— А ты, — медленно проговорил отшельник, — стоишь рядом с окровавленным мечом в деснице, глядишь на кровь, впитывающуюся в песок, и имеешь наглость думать, будто разрешила извечную дилемму, что наконец–то обрела плоть мечта философов. Думаешь, что природа Зла изменилась?

— Да, — заносчиво ответила она. — Так как то, что валяется на земле и истекает кровью, — уже не Зло. Возможно, это еще не Добро, но уже наверняка и не Зло!

— Говорят, — медленно проговорил Высогота, — что природа не терпит пустоты. То, что лежит на земле, что истекает кровью, что пало от твоего меча, — уже не Зло? Тогда что же такое Зло? Ты когда–нибудь задумывалась об этом?

— Нет. Я — ведьмачка. Когда меня учили, я поклялась себе, что буду выступать против Зла. Всегда. И не раздумывая… Потому что стоит только начать задумываться, — добавила она глухо, — как уничтожение потеряет смысл. Месть потеряет смысл. А этого допустить нельзя.

Он покачал головой, но она жестом не дала ему заговорить.

— Мне пора уже докончить свой рассказ, Высогота. Я рассказывала тебе больше тридцати ночей, с Эквинокция до Саовины. А ведь не рассказала всего. Прежде чем я уеду, тебе следует узнать, что случилось в день Эквинокция в деревушке под названием Говорог.

* * *

Она застонала, когда ее стаскивали с седла. Бедро, по которому он ее вчера бил ногой, болело.

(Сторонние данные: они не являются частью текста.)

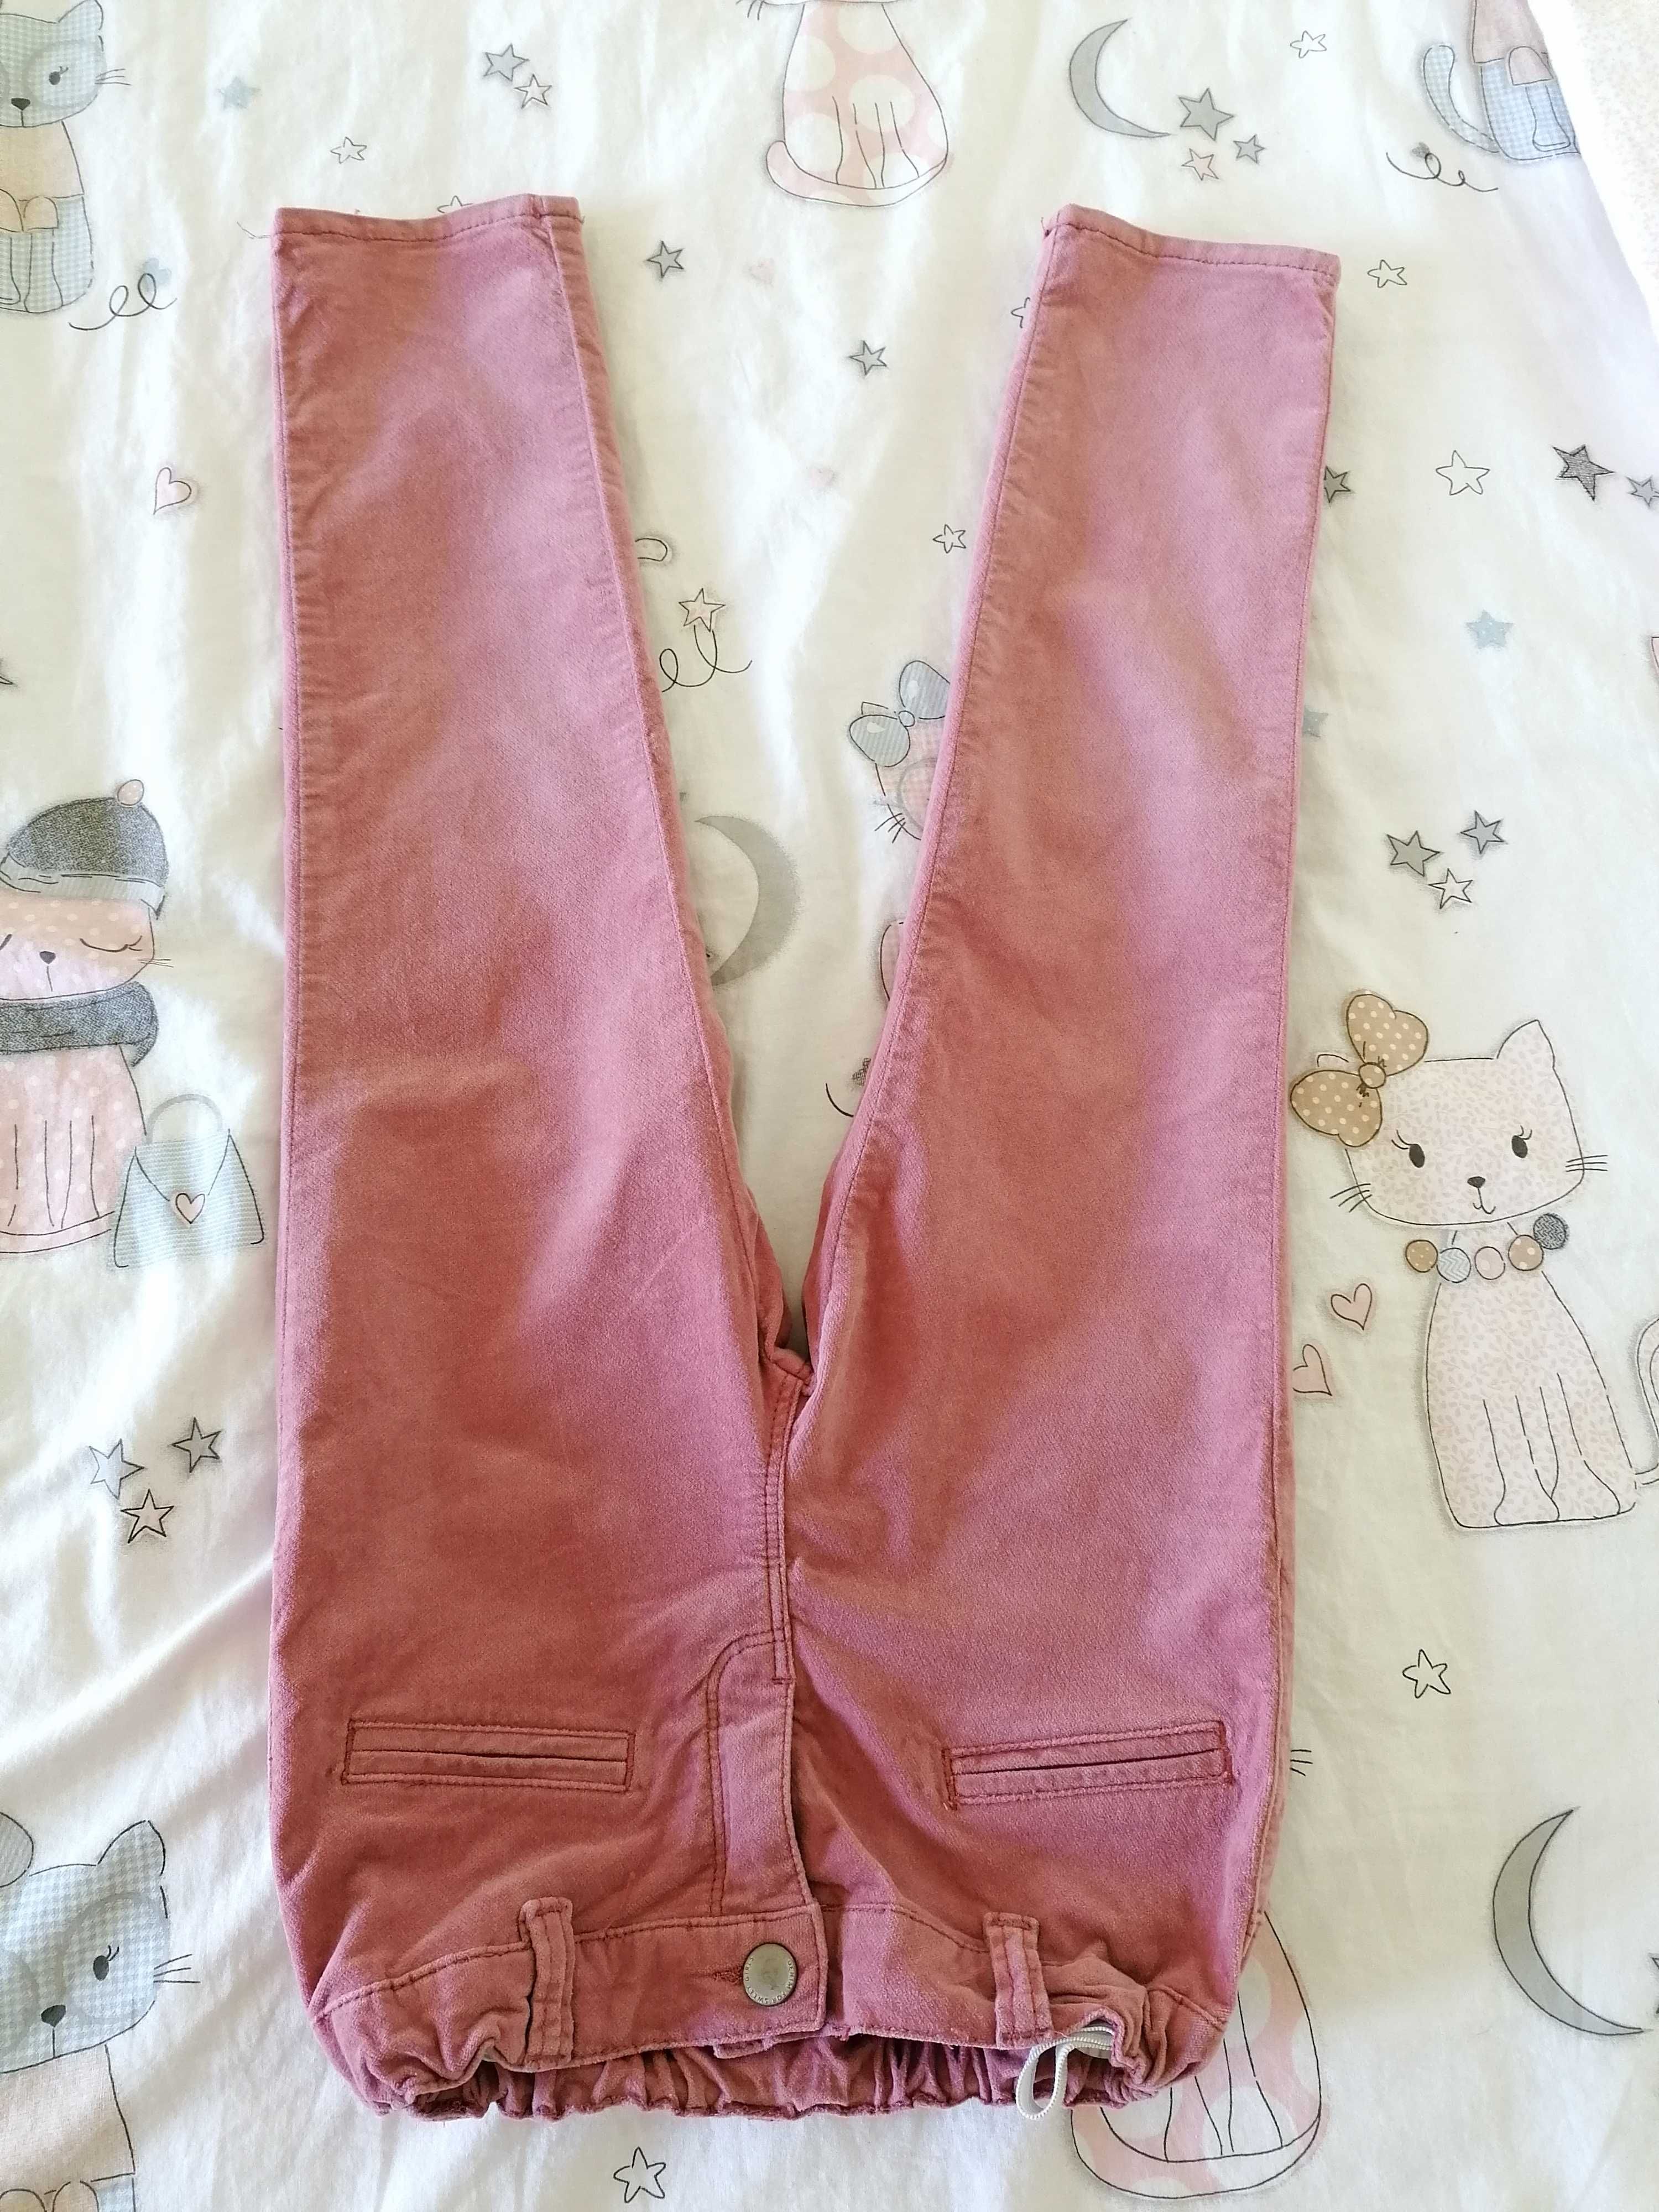 Джинсы, штаны, брюки Chicco, 110-116 см, 5-6 лет, девочка

Он дернул за цепь, пристегнутую к ошейнику, потащил ее к дому.

В дверях стояли несколько вооруженных мужчин. И одна высокая женщина.

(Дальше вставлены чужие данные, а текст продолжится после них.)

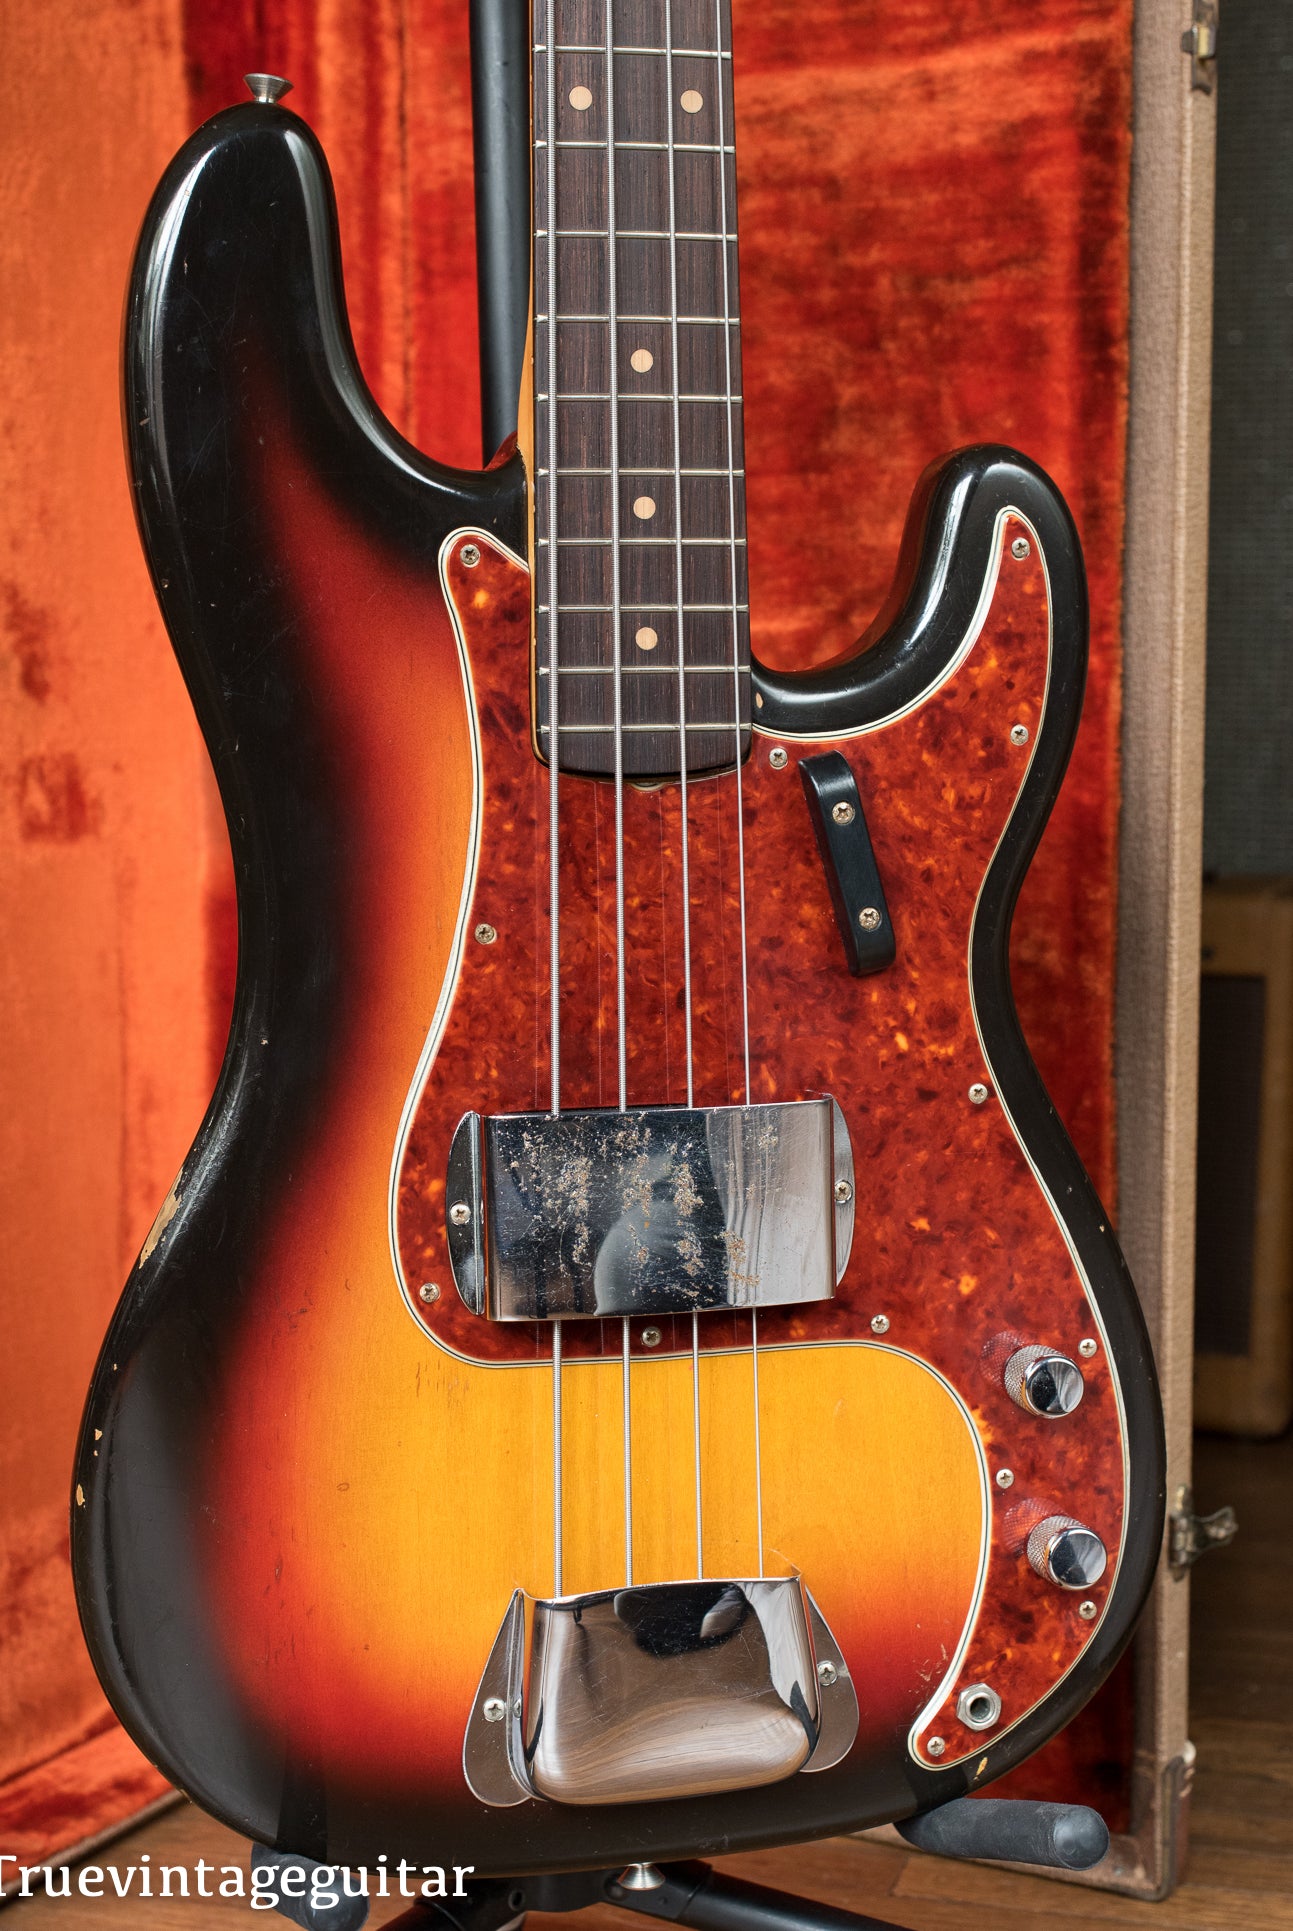 Fender Precision Bass Guitar 1963 vintage original

— Бонарт, — сказал один из мужчин, худощавый брюнет с тощим лицом, державший в руке окованную бронзой нагайку. — Должен признать, ты умеешь застигать врасплох.

— Здравствуй, Скеллен.

Человек, названный Скелленом, какое–то время глядел ей прямо в глаза. Она вздрогнула под его взглядом.

— Ну, так как? — снова обратился он к Бонарту. — Объяснишь сразу или, может, помаленьку?

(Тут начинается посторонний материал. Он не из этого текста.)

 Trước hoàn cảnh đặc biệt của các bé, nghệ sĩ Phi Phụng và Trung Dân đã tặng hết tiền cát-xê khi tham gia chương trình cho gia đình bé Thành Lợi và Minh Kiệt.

— Не люблю объяснять на базаре, потому как мухи в рот летят. В дом войти можно?

— Прошу.

Бонарт дернул за цепь.

В доме ждал еще один мужчина, растрепанный и бледный, вероятно, повар, потому что занимался чисткой одежды от следов муки и сметаны. Увидев Цири, он сверкнул глазами. И подошел.

Это не был повар.

Она узнала его, помнила эти паскудные глаза и пятно на морде. Это был тот, кто вместе с белками преследовал их на Танедде, именно от него она сбежала, выскочив в окно, а он велел эльфам прыгать следом. Как тот эльф его назвал? Ренс?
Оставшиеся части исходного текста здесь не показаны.